Мы получили ваше письмо, которое нам вручили ваши послы. Они приветствовали нас от вашего лица и сообщили о поручении, которые Вы им дали – узнать, в здравии ли мы находимся, пожелать нам доброго здравия и оповестить нас о вашем здравии, а также о доброй любви, которую Вы к нам испытываете, что Вы хотели бы засвидетельствовать к обоюдной пользе наших королевств. Они также рассказали нам, чего Вы ждете от нашей дружбы и добрых отношений в связи с войнами, которые ведутся между Вами и королями Польши и Швеции, нашими дражайшими братьями; и о союзе с нами, который Вы желали бы подписать, обновить и увековечить ради общего блага наших двух держав, ради свободы торговли и укрепления оной в наших странах, землях и владениях, как и в тех, которыми Вы обладаете, о котором Вы храните добрую память, каковой существовал и соблюдался в самом конце в высшей степени цветущего правления покойного короля Генриха Великого, нашего в высшей степени почитаемого господина и отца, да пребудет он во славе; и что Вы желаете, чтобы мы способствовали всему вышеперечисленному нашим могуществом и влиянием. Мы их увидели, приняли и благосклонно выслушали и хотели бы, чтобы они, несмотря на недолгое пребывание наше в этом городе [Бордо] после их приезда, смогли засвидетельствовать, сколь высоко мы ценим Вашу к нам любовь, на которую мы ответим теми самыми добрыми услугами, которых Вы от нас ожидаете. Ибо мы запретим, чтобы наши подданные воевали против Вас, и будем иметь удовольствие вести переговоры и договориться о возобновлении нашего союза, когда мы направим к Вам послов наших, которым будет поручено прийти к согласию, приняв во внимание все почетные и выгодные условий для блага и пользы наших народов, как Вы нам предлагаете. И между прочим мы дарим Вам уверения в нашей дружбе и доброй воле во всех случаях, в соответствии с более частными заявлениями, которые сделали вашим послам, к которым мы Вас и отсылаем, моля Бога, высокий и могущественный государь Михаил Федорович, наш дражайший брат и добрый друг, император русских, и проч., чтобы Он Вас свято и достойно хранил.

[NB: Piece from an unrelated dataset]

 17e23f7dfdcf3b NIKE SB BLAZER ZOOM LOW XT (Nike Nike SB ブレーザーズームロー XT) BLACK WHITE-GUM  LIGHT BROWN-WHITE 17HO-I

Написано в нашем городе Бордо в 16-й день декабря 1615 года.

Ваш добрый брат и добрый друг

Комментарий: король Людовик XIII приехал в Бордо для свадьбы с инфантой Испании Анной Австрийской, назначенной на 21 ноября 1615 года. Этот брак устроила его мать Мария Медичи, регентша и вторая жена Генриха IV. Людовик XIII, родившийся в 1601 году, был верен памяти своего отца и относился к политике сближения с Испанией отрицательно. Прошло четыре года, прежде чем он заключил этот брачный союз. Регентство подошло к концу в 1617 году, когда Людовик XIII приказал убить Кончини, всесильного фаворита Марии Медичи, а саму ее отстранил от власти.

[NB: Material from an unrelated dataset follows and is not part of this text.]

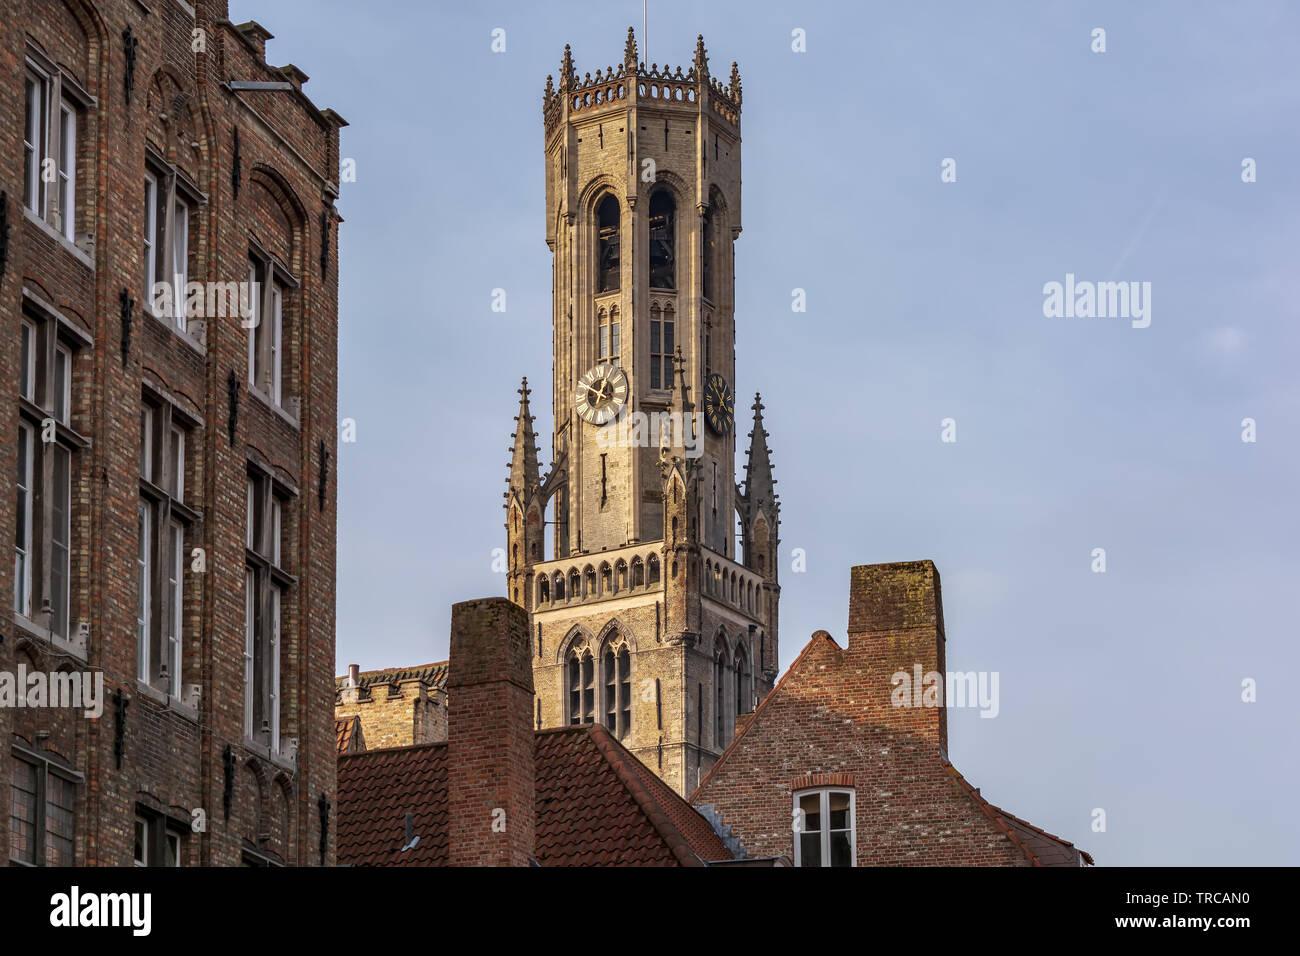 Belfry of Bruges, the medieval bell tower against blue sky. The 83 meter high belfry or hallstower (halletoren) is Bruges' most well-known landmark Stock Photo

Это письмо – набор трескучих фраз, ничего не значащих. Королю пришлось, однако же, признать, что заклятые враги Москвы – его «дражайшие братья».

 

Трудности и помехи французской торговли в Московии [1620 г.]

Французская торговля в Московии может осуществляться только через Балтийское море, Нарву и Ливонию, а также другие порты и гавани, расположенные поблизости от вышеупомянутого порта Нарвы, или же вокруг Норвегии и Лапландии, у святого Михаила Архангела.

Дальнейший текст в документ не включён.